◆ Directions
Reproduce the listing exactly and skip over any pictures.

◆ Data block
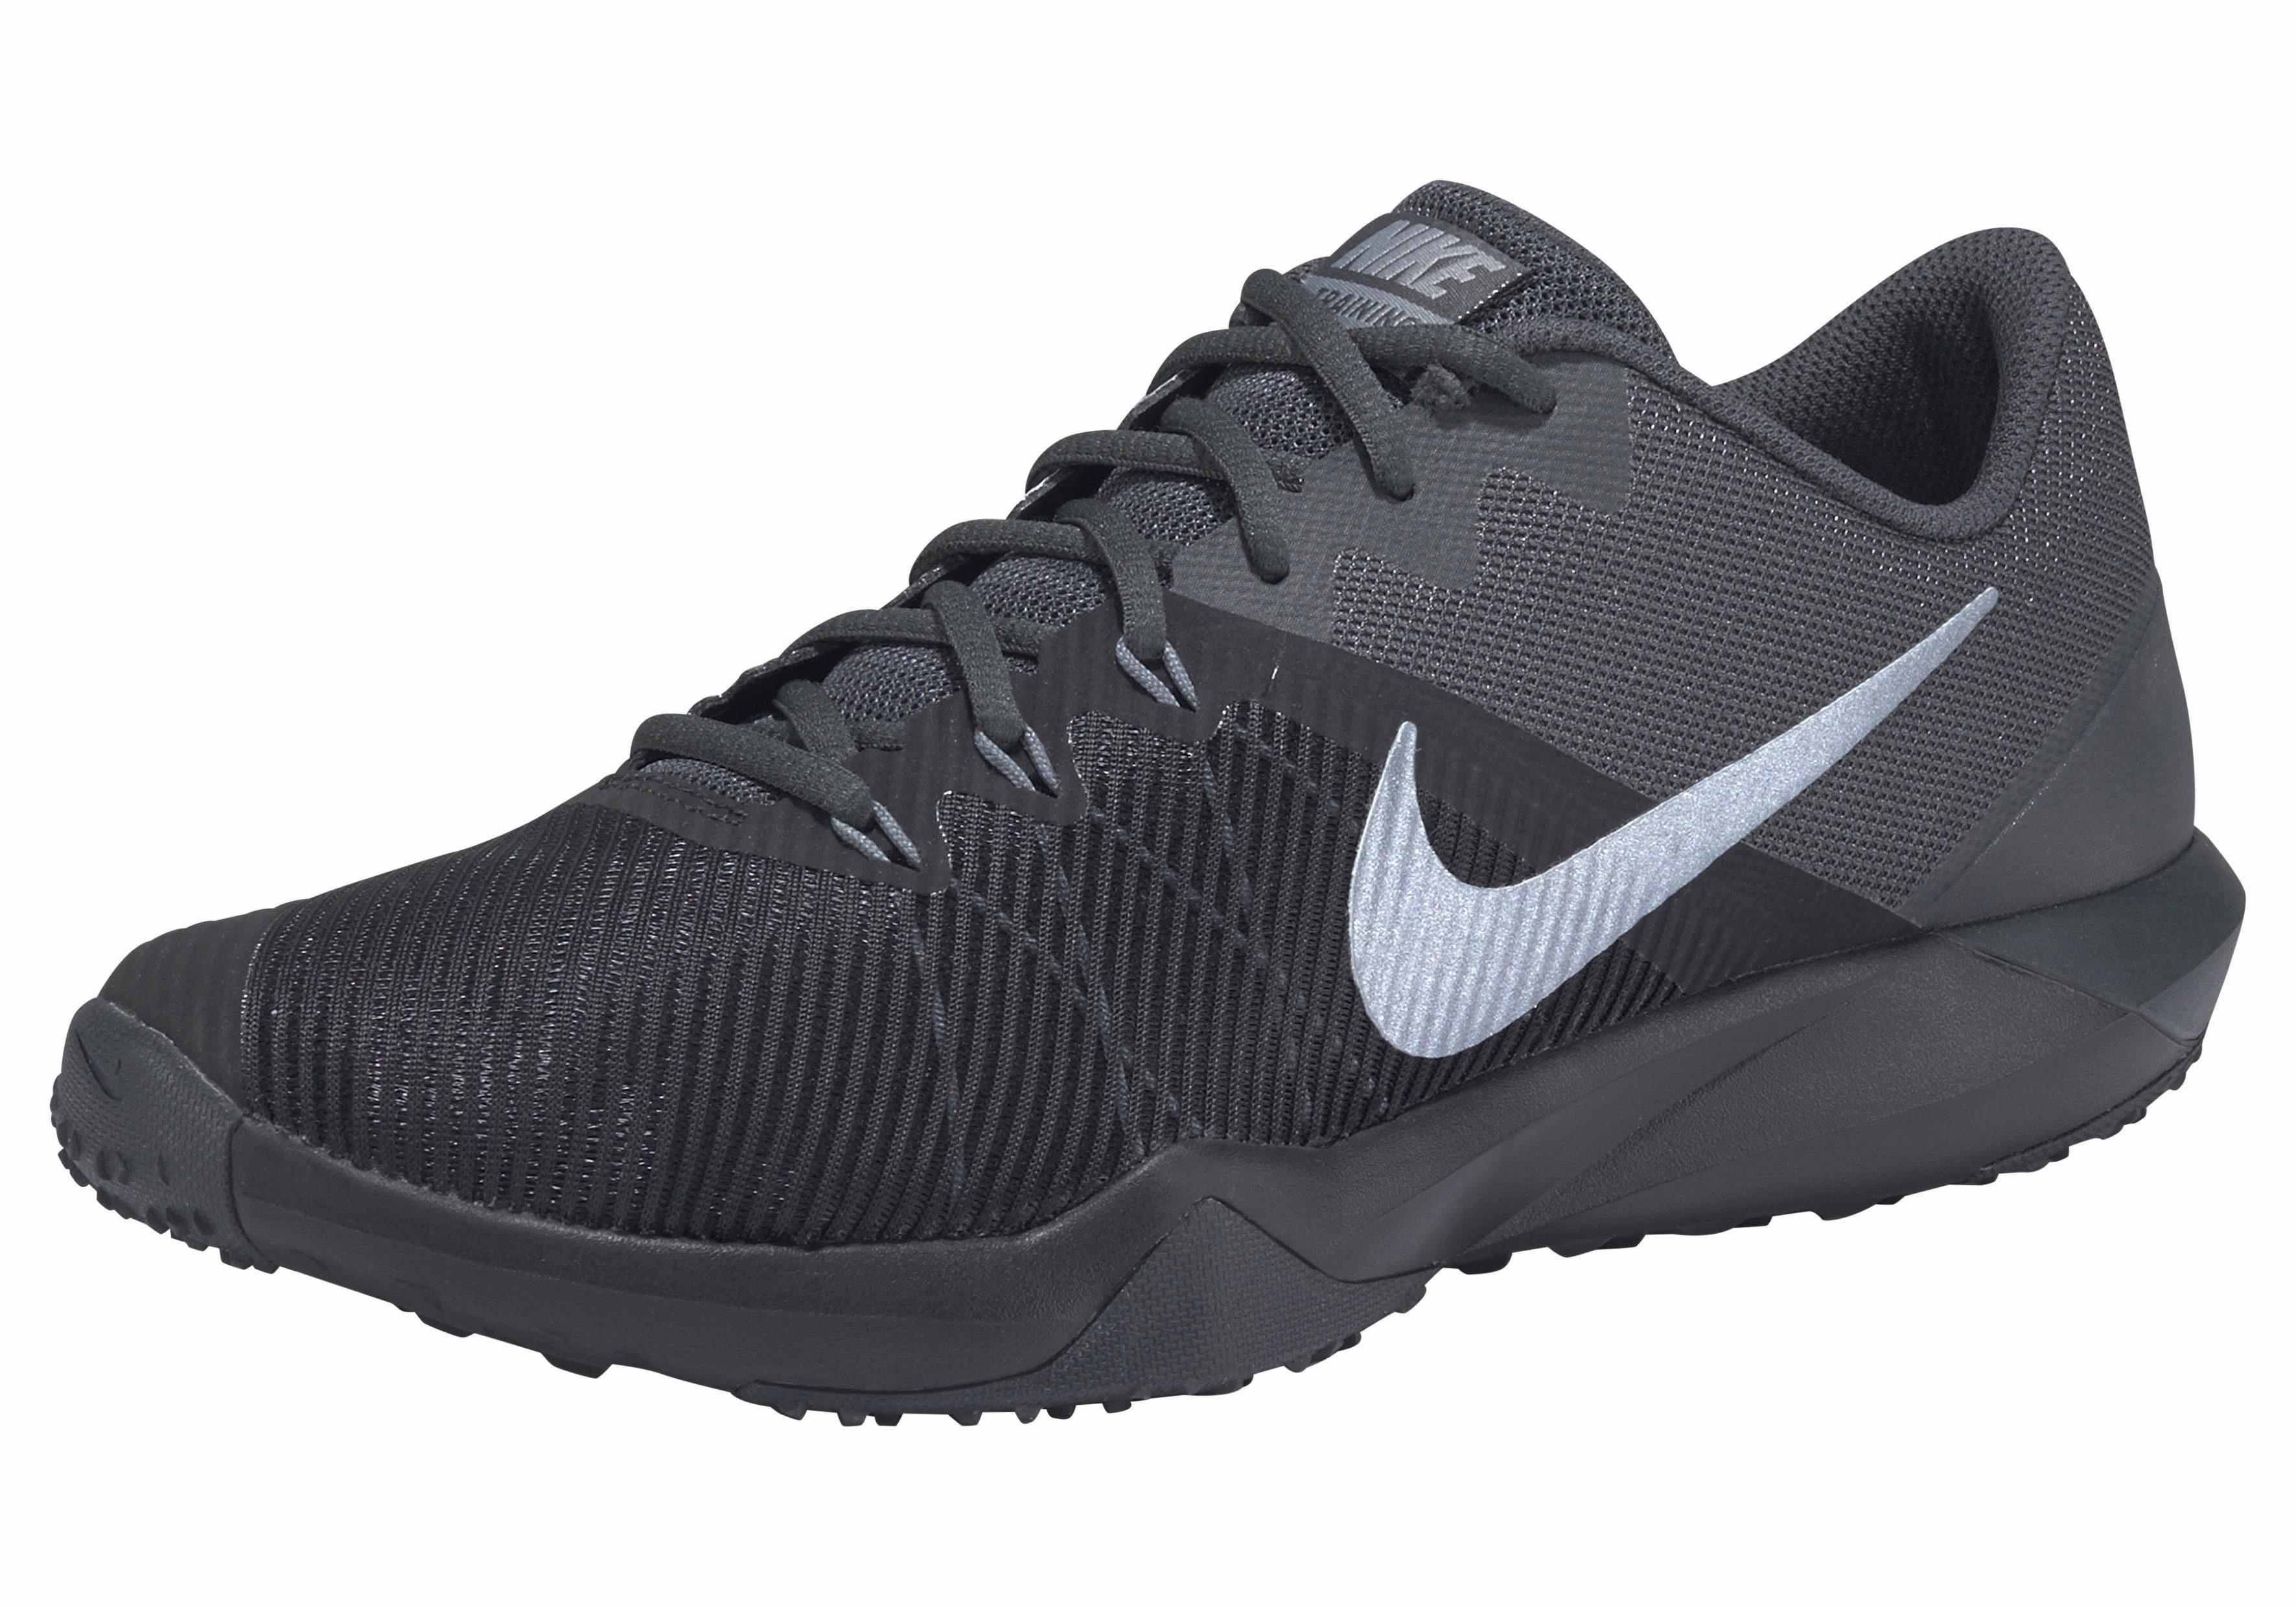 Nike Retaliation Trainer Trainingsschuh kaufen   OTTO Explosive Ware
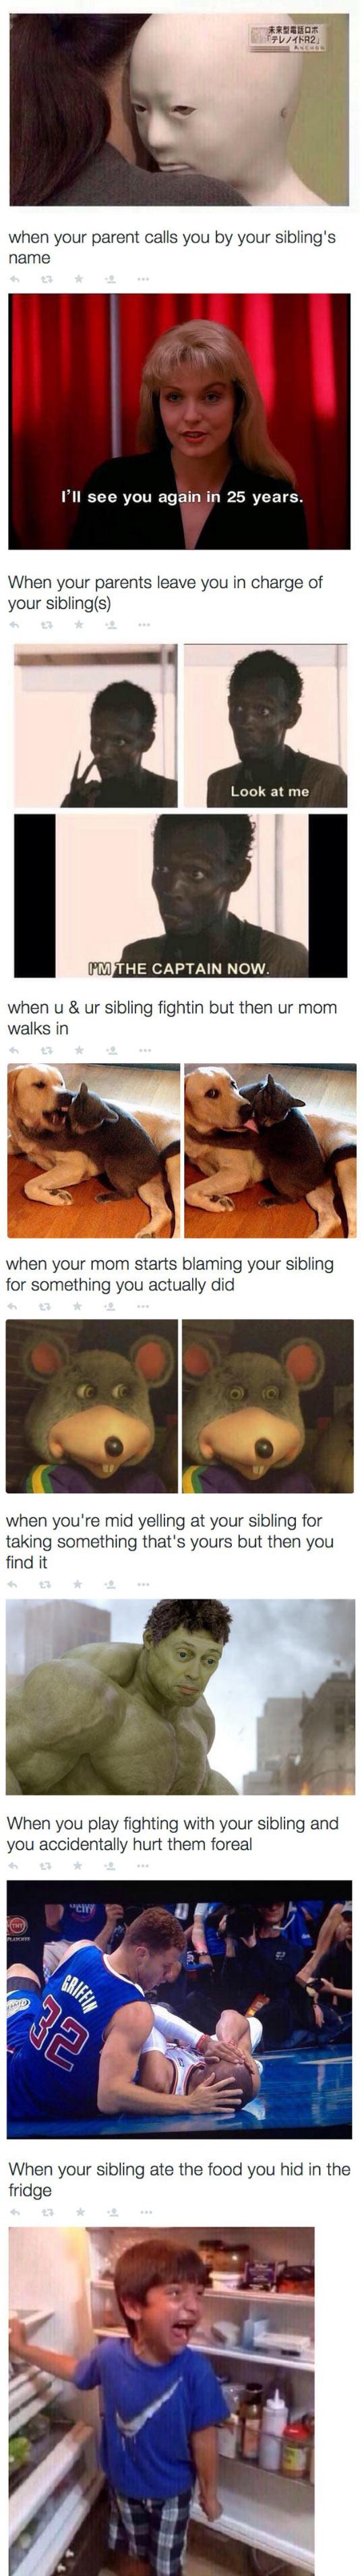 2funny-dog-sibling-behave-fights-parents
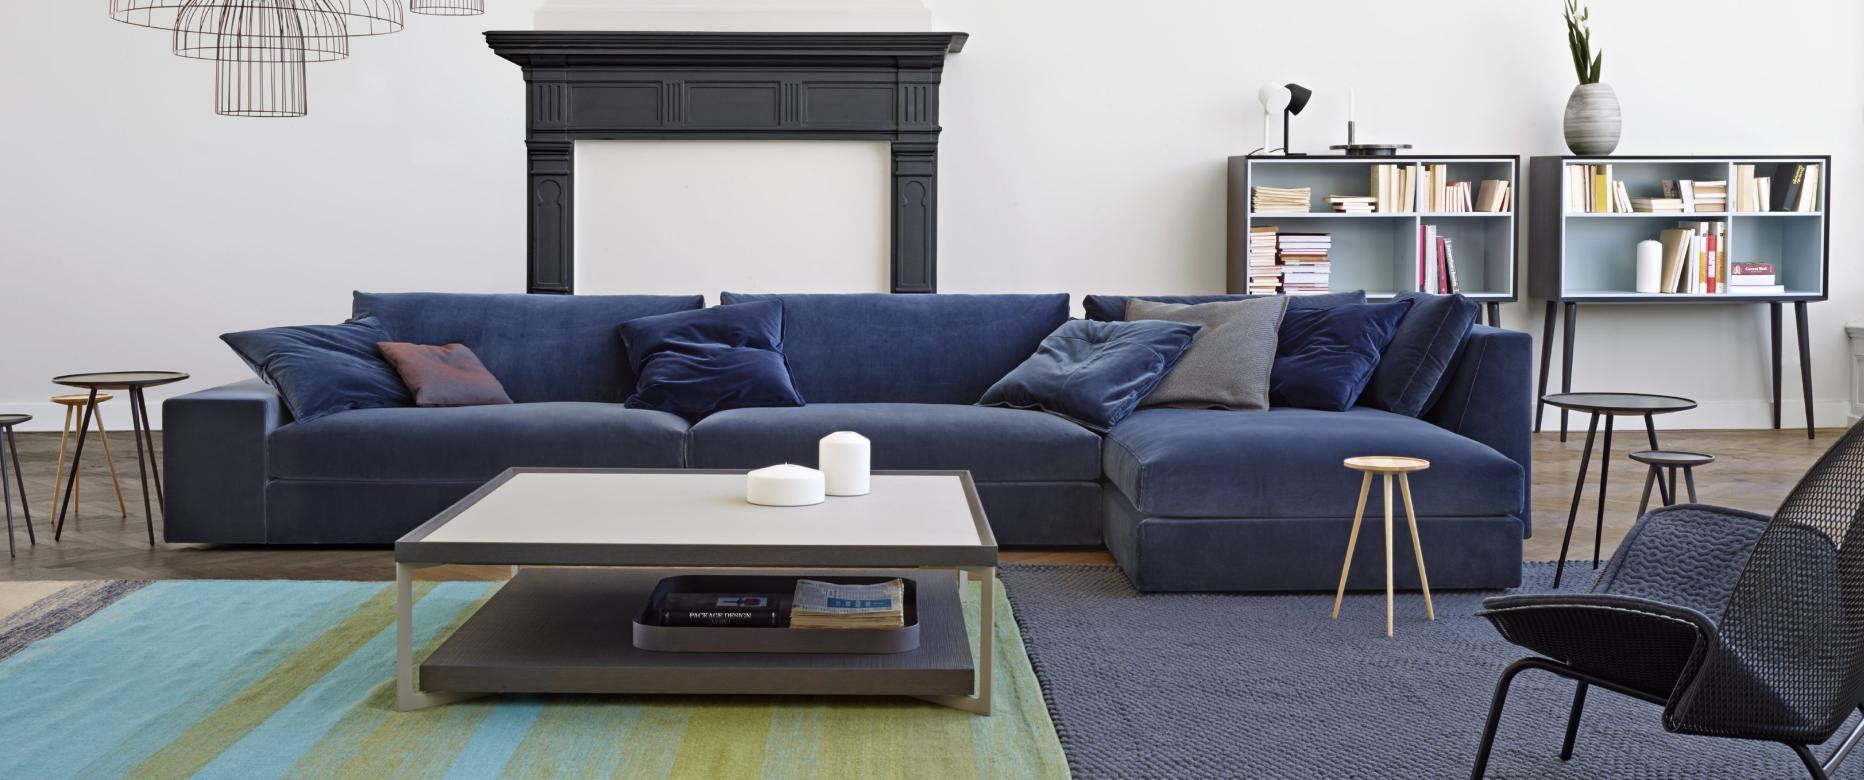 Ligne roset contemporary high end furniture for Bedroom furniture philippines 6
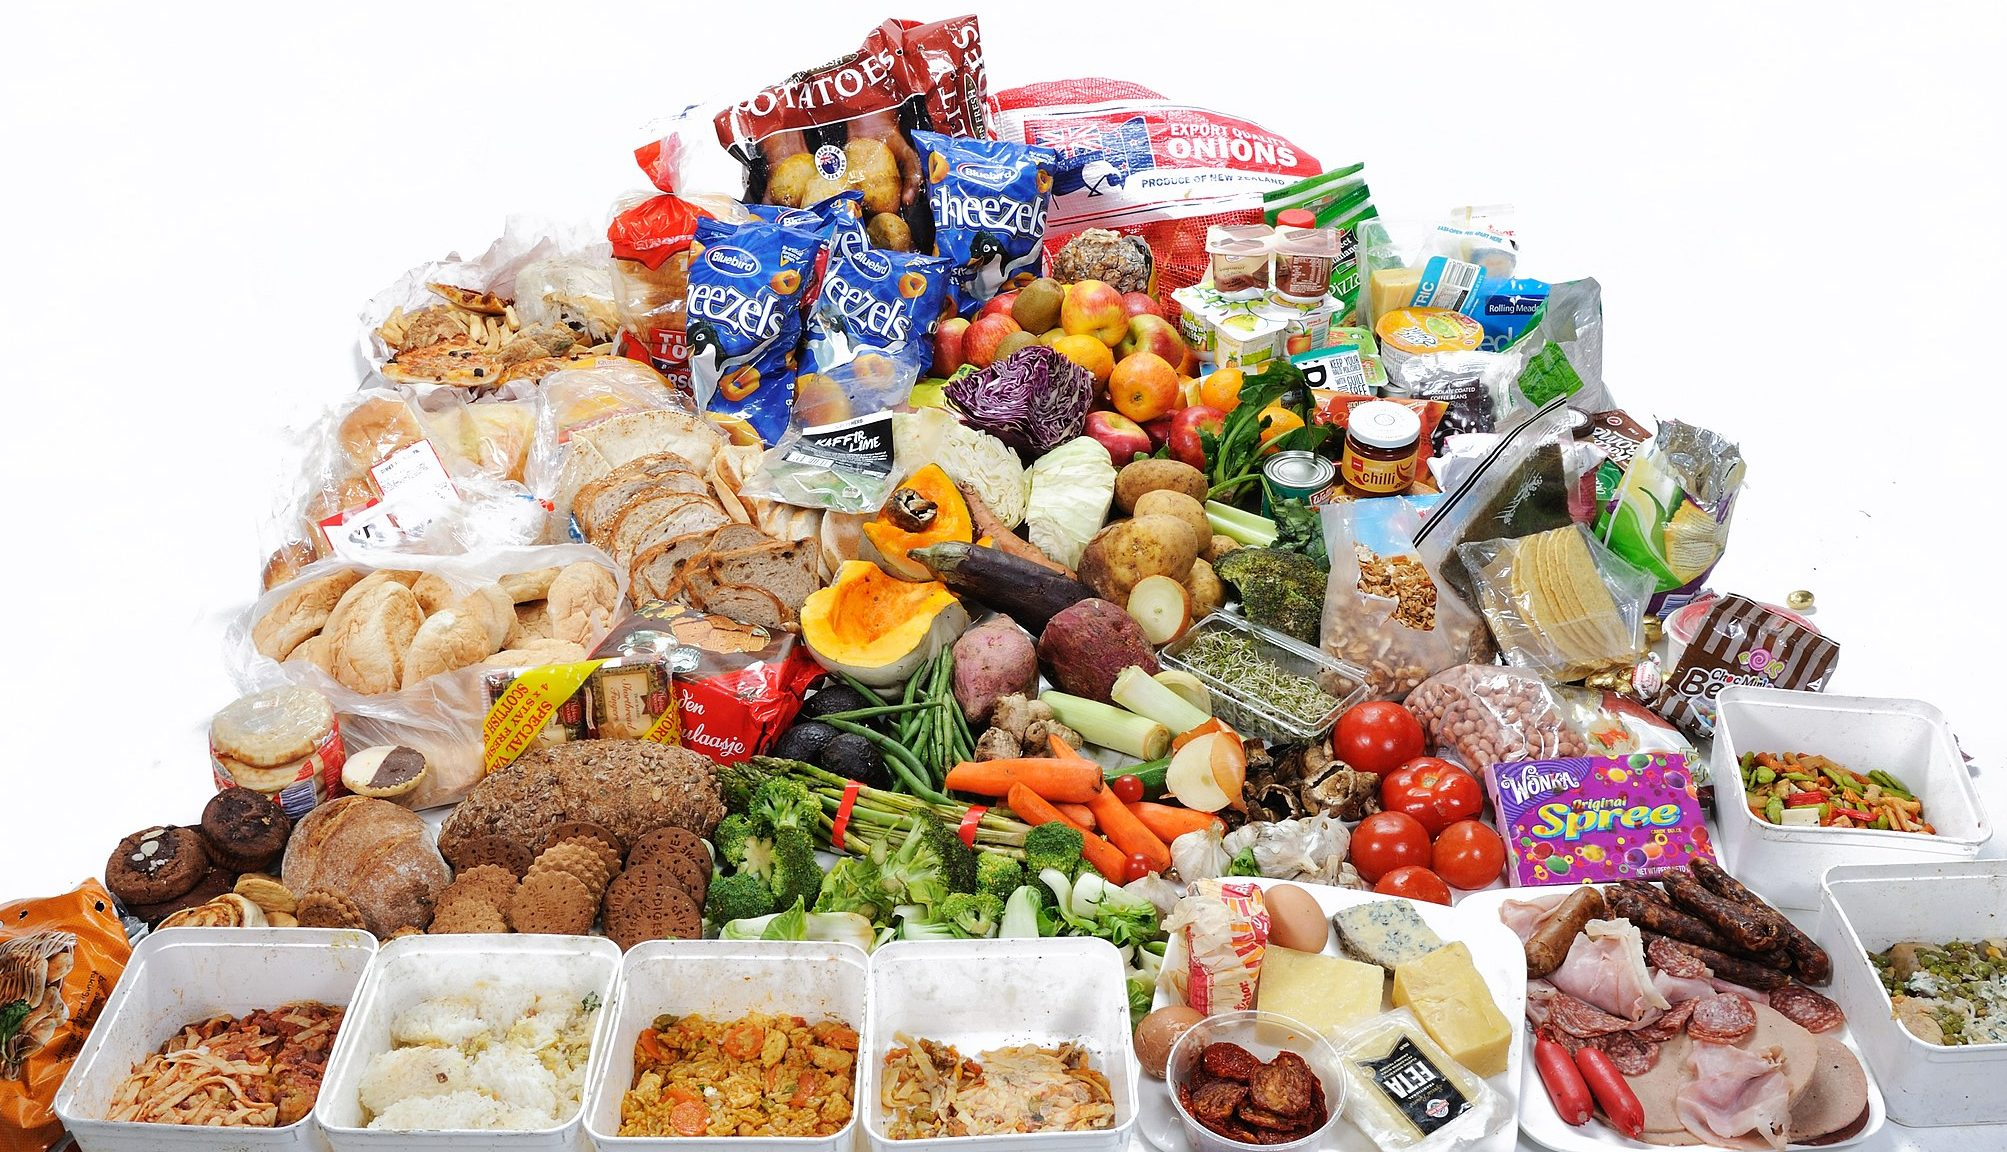 Disney Harvest Program food donation

◆ Exercise output
 Nike Retaliation Trainer Trainingsschuh kaufen   OTTO Explosive Ware
 2funny-dog-sibling-behave-fights-parents
 Ligne roset contemporary high end furniture for Bedroom furniture philippines 6
 Disney Harvest Program food donation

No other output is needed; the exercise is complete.